Books Stacked To Balance

When it comes to teaching kids to read, instruction that aligns to the Science of Reading is in; the balanced literacy approach is out. 

This isn’t just our opinion — most states in the U.S. now have laws on the books or policies in their departments of education that require school districts to use Science of Reading-aligned curricula and assessment materials when teaching kids how to read. Some even outline that approved reading interventions — like high-dosage tutoring — must use high quality, science-based instructional methods. 

At the same time, practices intrinsic to balanced literacy, such as teaching kids to rely on picture and context clues to identify words, have been outright banned in several states. 

Why is this shift happening, and what is it that balanced literacy gets so wrong about teaching kids how to read? We’ll explore the origins of balanced literacy, why cognitive scientists say it doesn’t work, and share strategies districts and schools can use to make the switch to evidence-based reading instruction.

What Is Balanced Literacy? A Simple Definition

Balanced literacy is loosely defined as an approach to teaching reading that includes a mixture of explicit phonics instruction (which does align to the Science of Reading) and ineffective guessing strategies like three-cueing (which do not align to the science). 

The phrase comes from the late Dr. Michael Pressley, an educational psychologist who served as director of the Literacy Achievement Research Center at Michigan State University. Pressley first used the words “balanced literacy” in 1996 to describe the notion that the two most popular approaches to literacy instruction of the time could be merged together in the classroom. 

The phrase first appeared in a book Pressley co-edited with Dr.

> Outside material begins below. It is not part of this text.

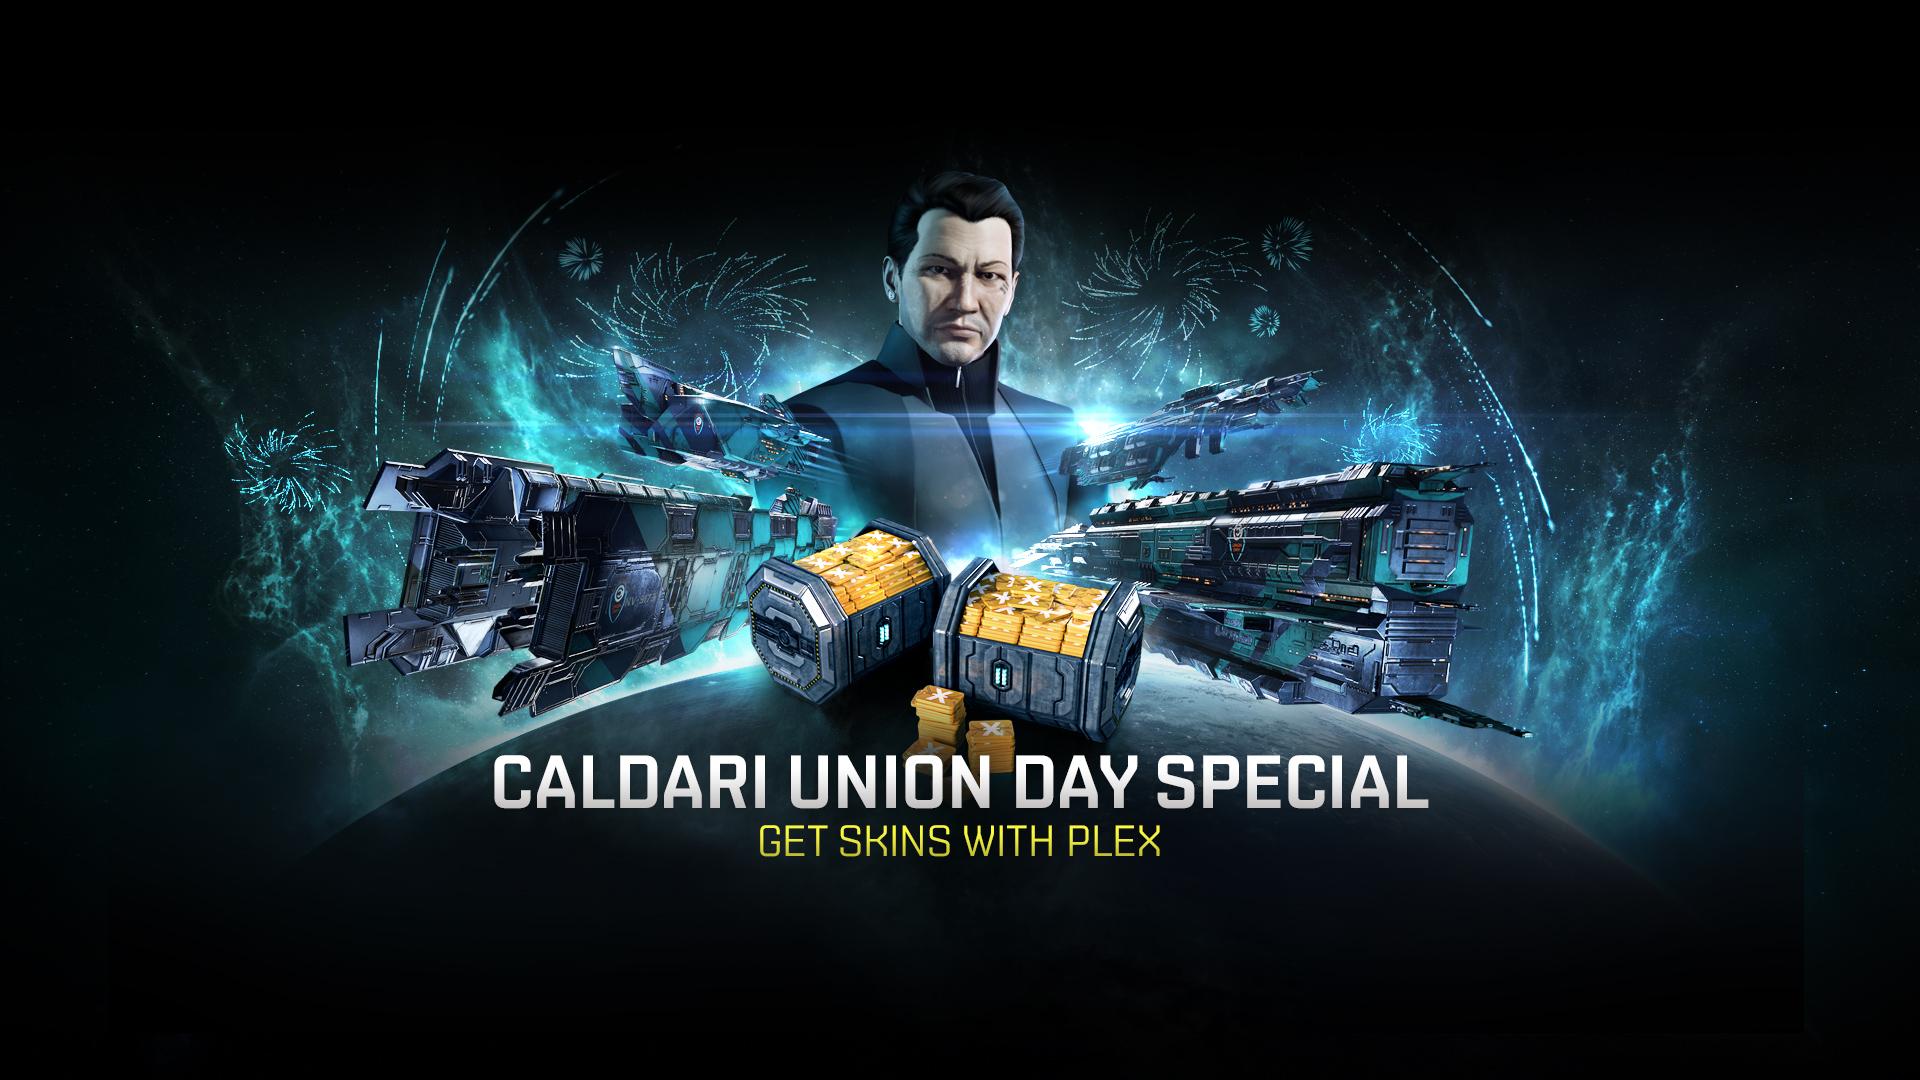 CaldariUnionDayOffer_EN

Ellen McIntyre, a literacy professor in the Department of Teaching and Learning at the University of Louisville, called Balanced Instruction: Strategies and Skills in Whole Language. 

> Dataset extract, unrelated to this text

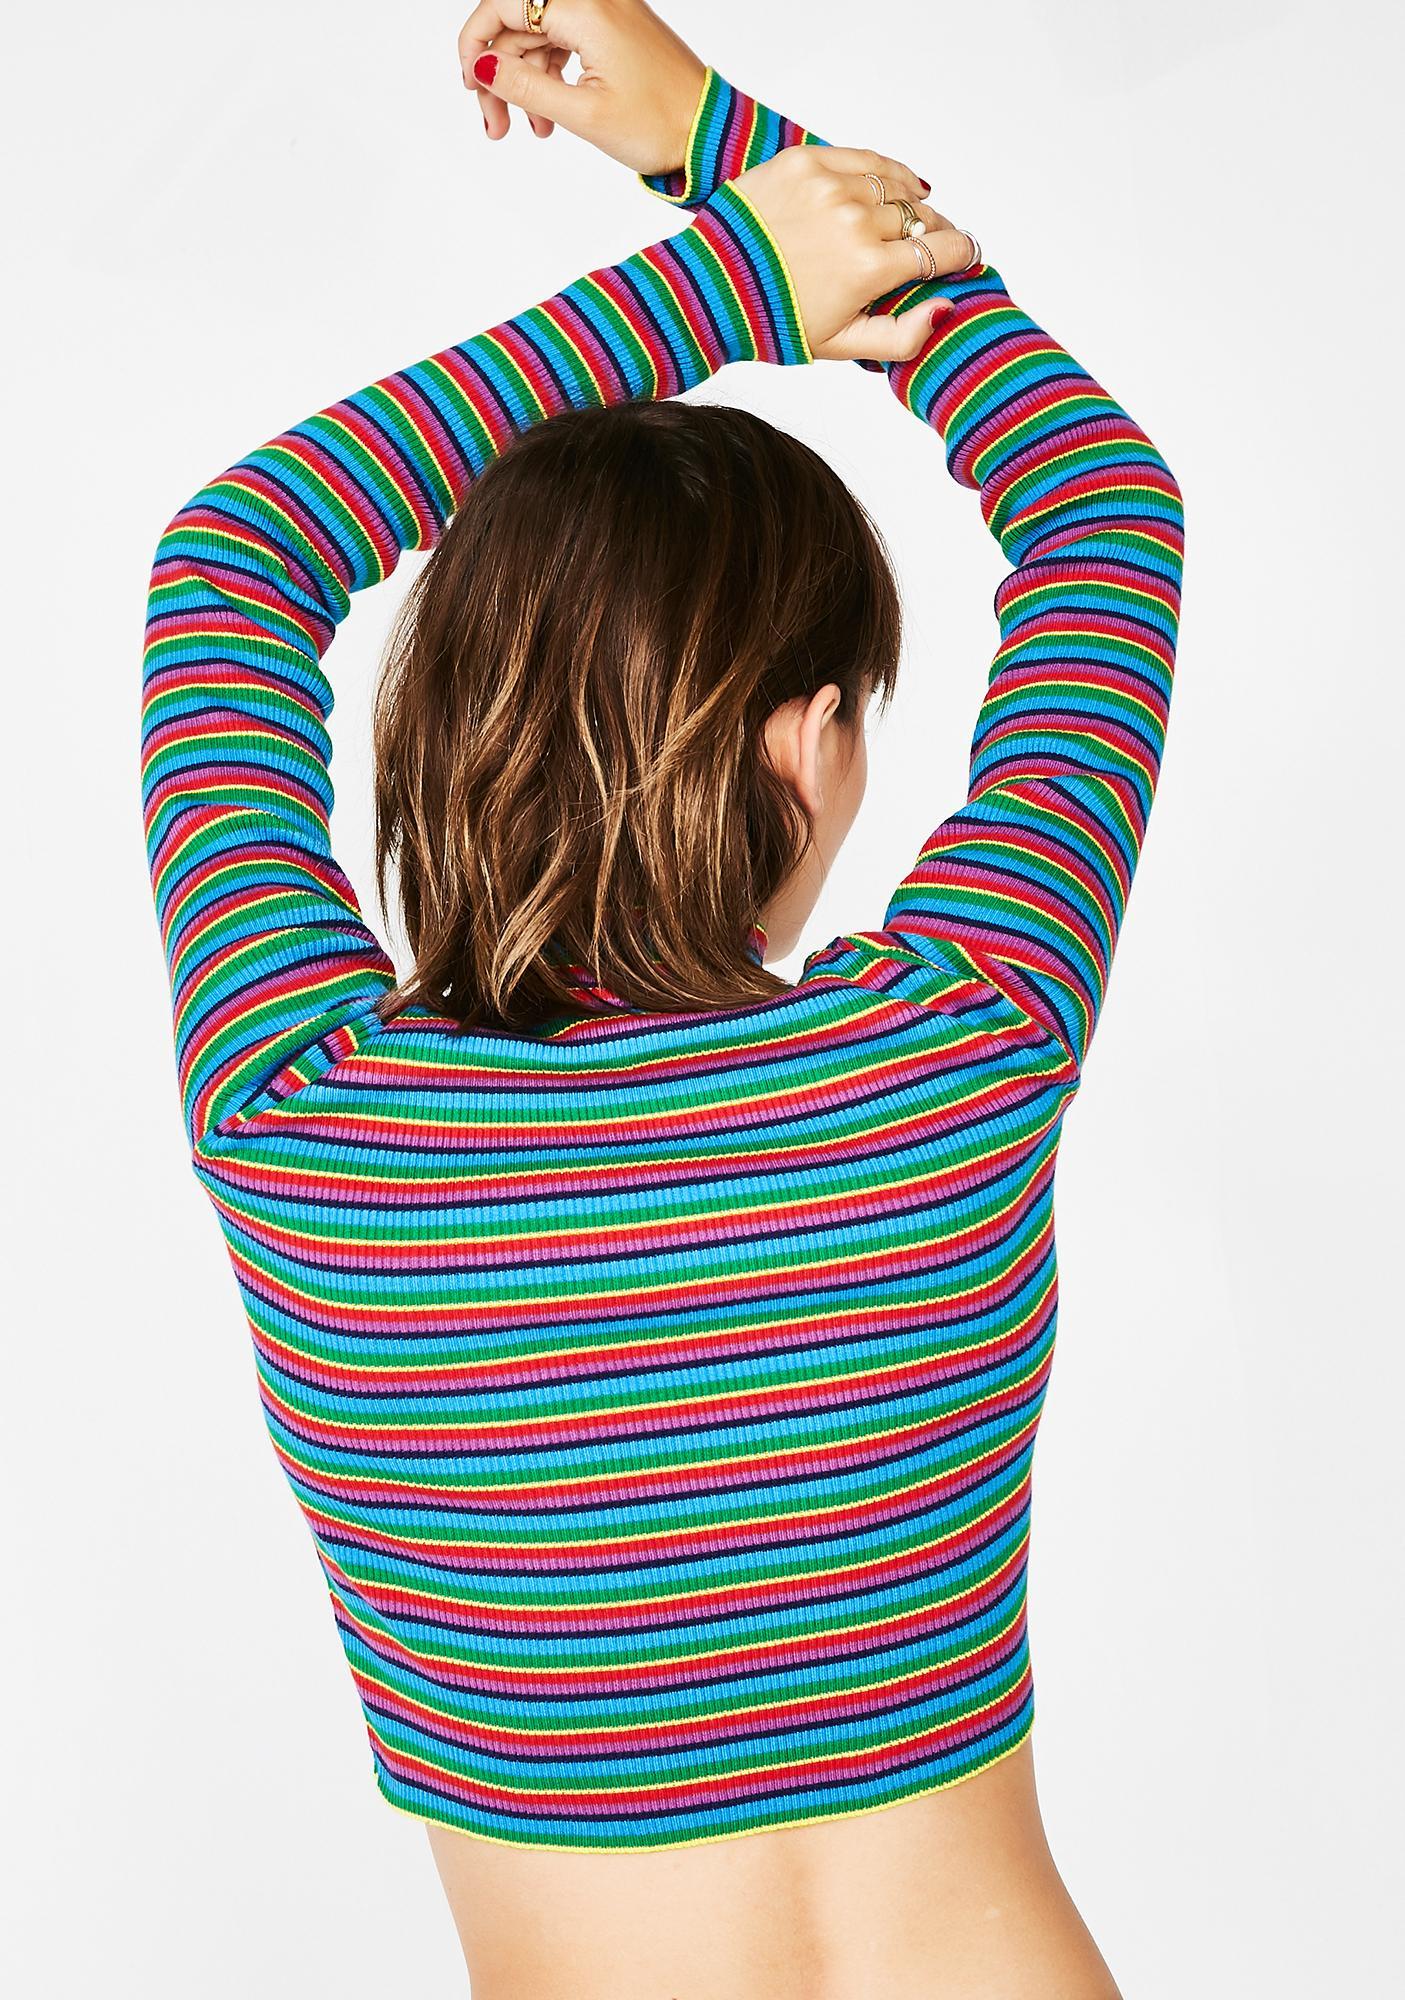 Minga Striped Ribbed O-Ring Zip Top

At the time it was published, literacy educators typically subscribed to one of the two following methods for teaching kids to read:

  • The Whole Language Approach — Advocates of the whole language approach believed that learning to read was a natural process similar to learning to speak and kids could be taught to read by focusing on the meaning and context of text, rather than on isolated skills like phonics. Students were immersed in rich text and taught to use strategies like the look-say method, which involved memorizing words and learning to recognize them based on their whole appearance.
  • The Explicit Phonics Instruction Approach — This approach involved teaching kids the rules of phonics systematically and explicitly, starting with the most basic sounds and gradually moving to more complex ones. This same structured, step-by-step focus on building strong foundational reading skills through direct instruction is what science now tells us is the most effective way for kids to learn to read.

The two approaches were firmly at odds with one another, at least until balanced literacy arrived on the scene in the 1990s, pulling out bits of each to form a new way to teach kids to read.

In a 2019 survey, 68 percent of K-2 and special education teachers said they believed a balanced literacy approach was the best philosophy for teaching reading

Balanced Literacy vs. Science of Reading

The Science of Reading is full of significant studies — among them landmark work by cognitive scientists Philip B. Gough and William Tunmer and Yale University’s Dr. Hollis Scarborough — that show mastery of both language comprehension and word recognition skills must happen for a child to learn to read fluently and with comprehension. 

Scarborough's Reading Rope on a bulletin board hanging from an elementary school wall
Dr. Hollis Scarborough’s famous reading rope illustrates why it’s critical for students to develop strong language comprehension and word recognition skills during the early stages of reading development.

Reading researchers have found that the majority of students require explicit, systematic instruction in the alphabetic code (the system of letters and the sounds they represent, which helps readers understand how written words correspond to spoken language) in order to reach mastery. This instructional approach favored by the science is called structured literacy.

The Structured Literacy Approach

The instructional approach proven most effective in building these skills to the point of proficiency has been dubbed structured literacy thanks to its clear, step-by-step method of teaching phonics, spelling, and word recognition in a way that helps students gradually master the rules and patterns of the alphabetic code.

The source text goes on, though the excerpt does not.